**WHAT TO DO**
Go to the line with "Логотип для кофейного" in the entries below and write out every line from there through the line with "Junge Familie, ernste", exactly and without pictures.

**SUPPLIED DATA**

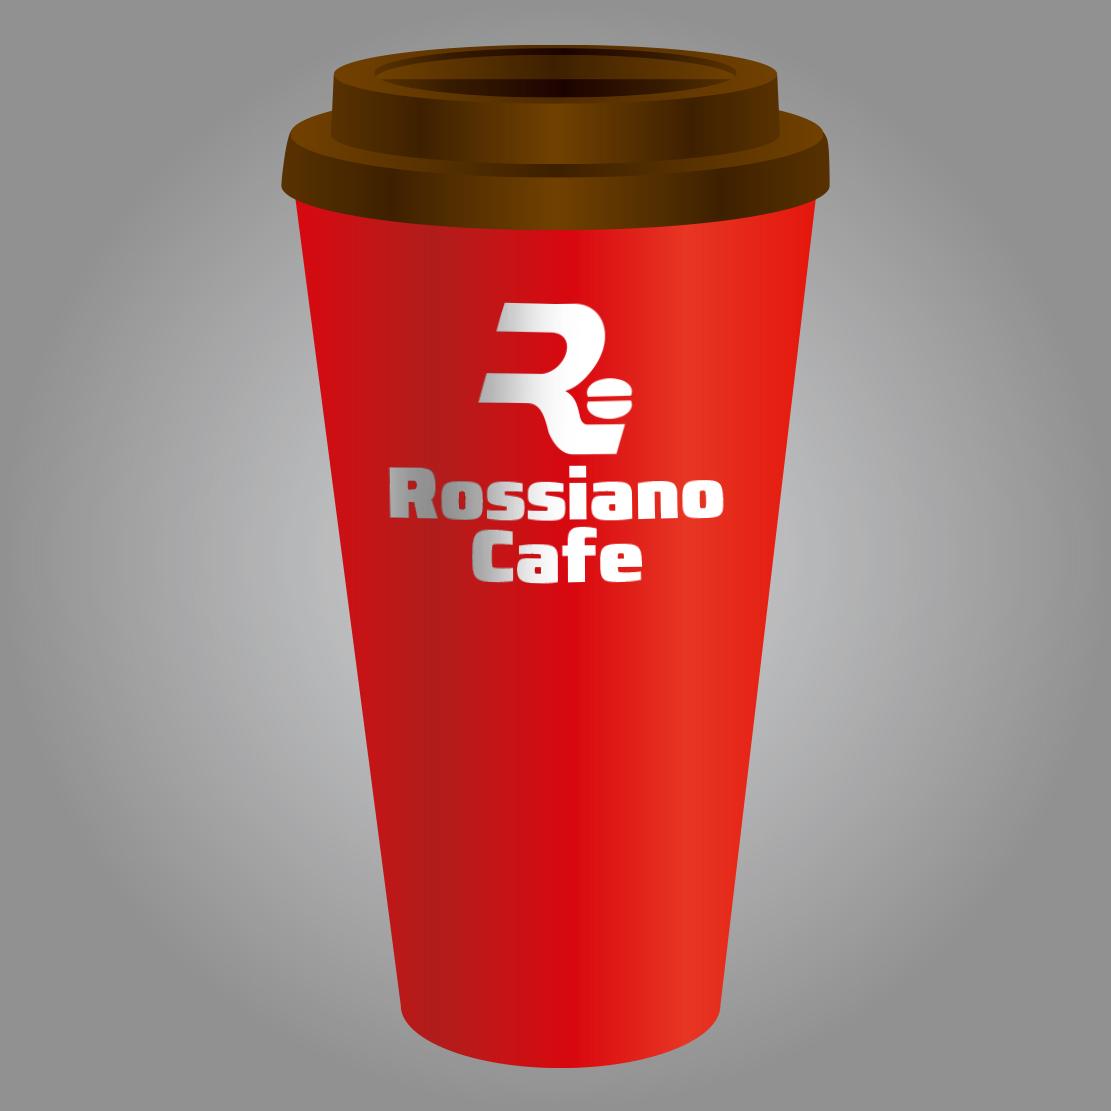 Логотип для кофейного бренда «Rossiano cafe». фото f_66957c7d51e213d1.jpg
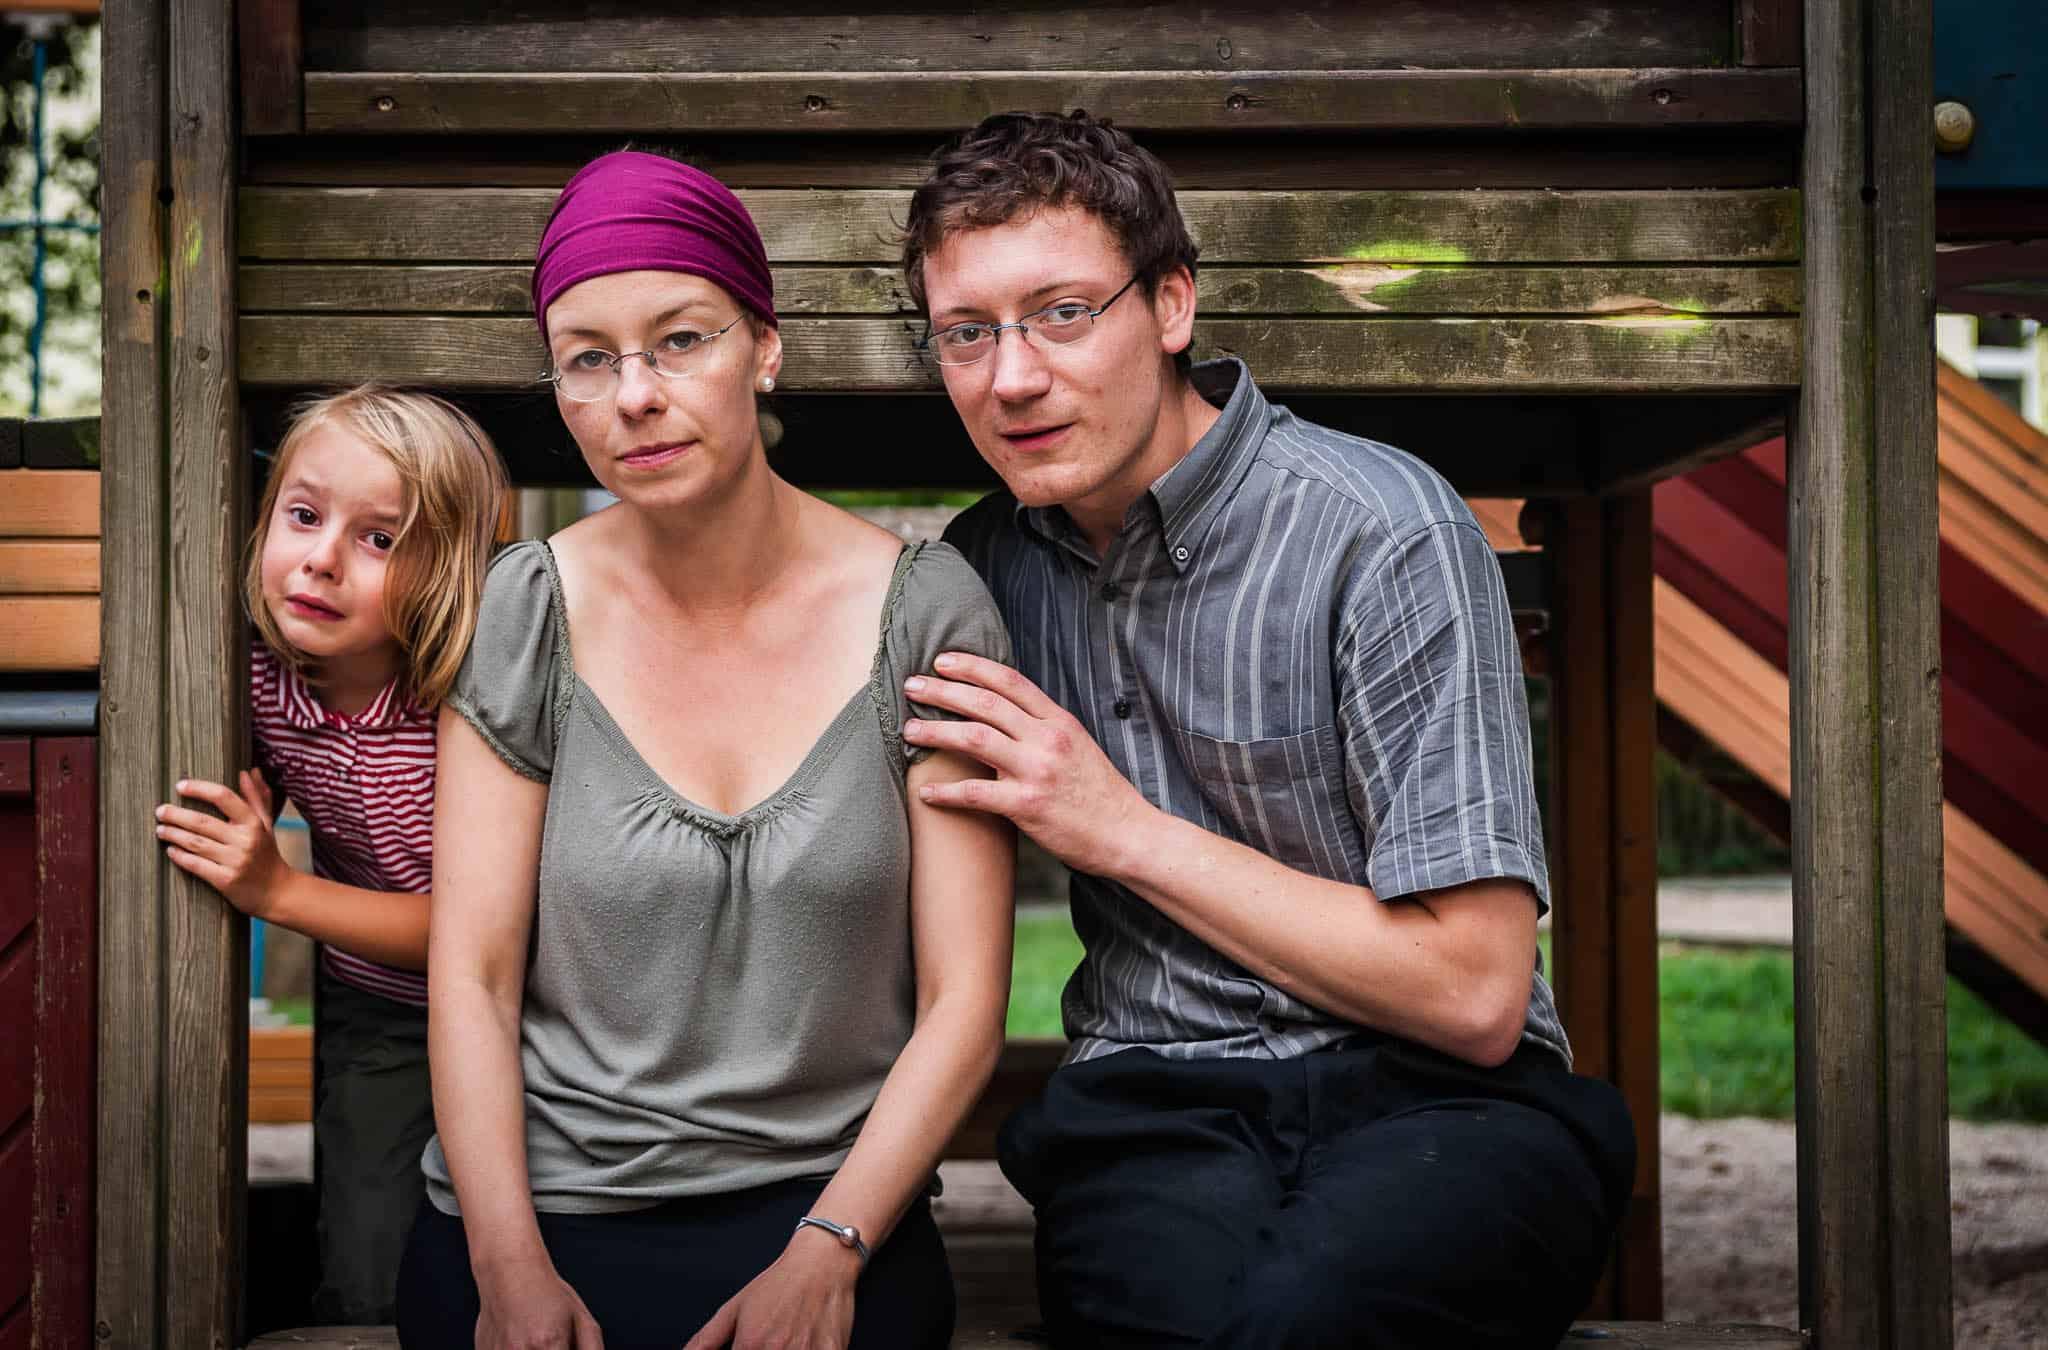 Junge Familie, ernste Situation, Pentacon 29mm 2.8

--

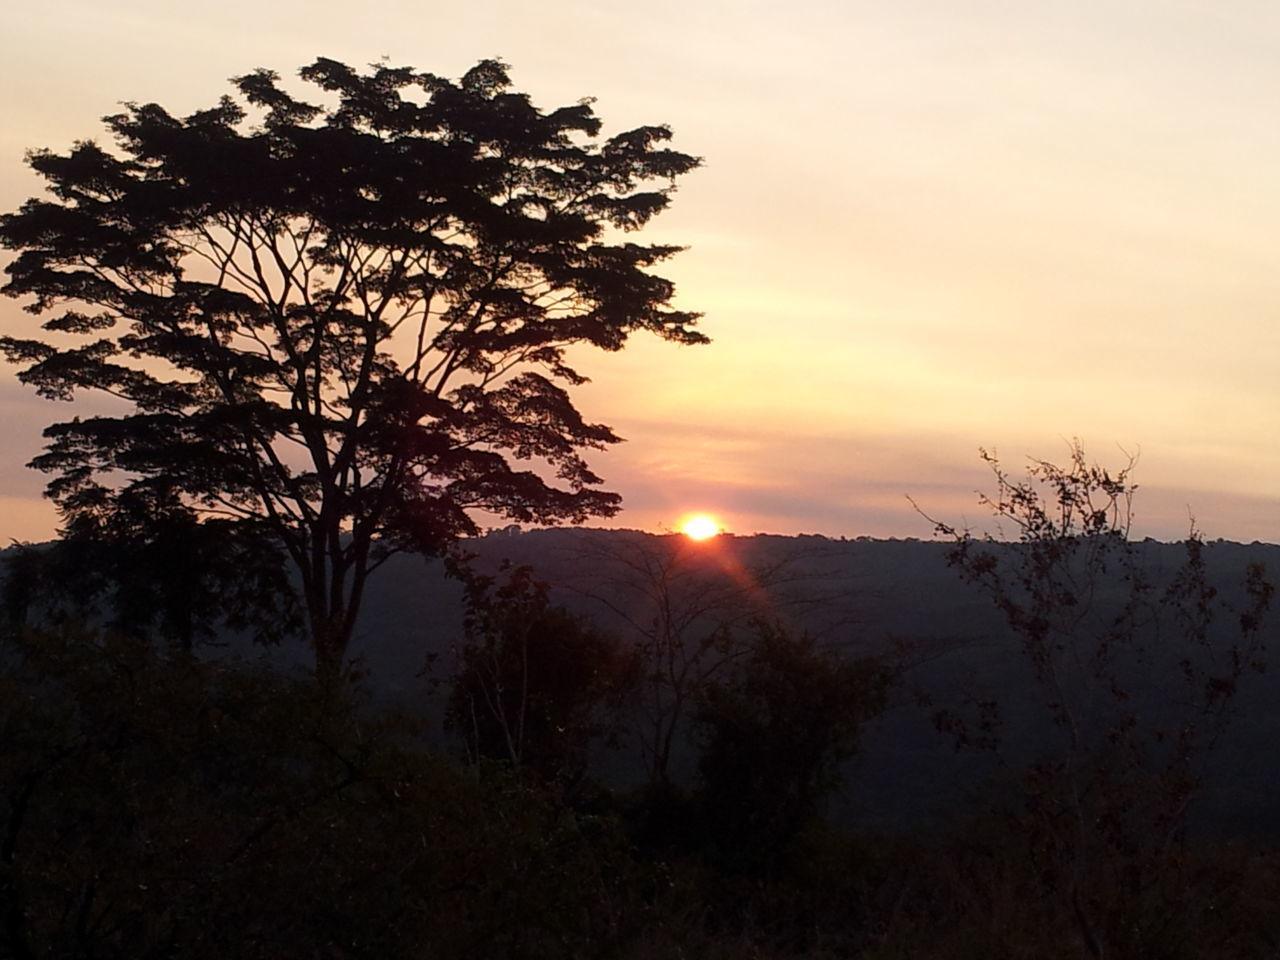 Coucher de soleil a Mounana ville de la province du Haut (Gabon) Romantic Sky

**RESULT BELOW**
 Логотип для кофейного бренда «Rossiano cafe». фото f_66957c7d51e213d1.jpg
 Junge Familie, ernste Situation, Pentacon 29mm 2.8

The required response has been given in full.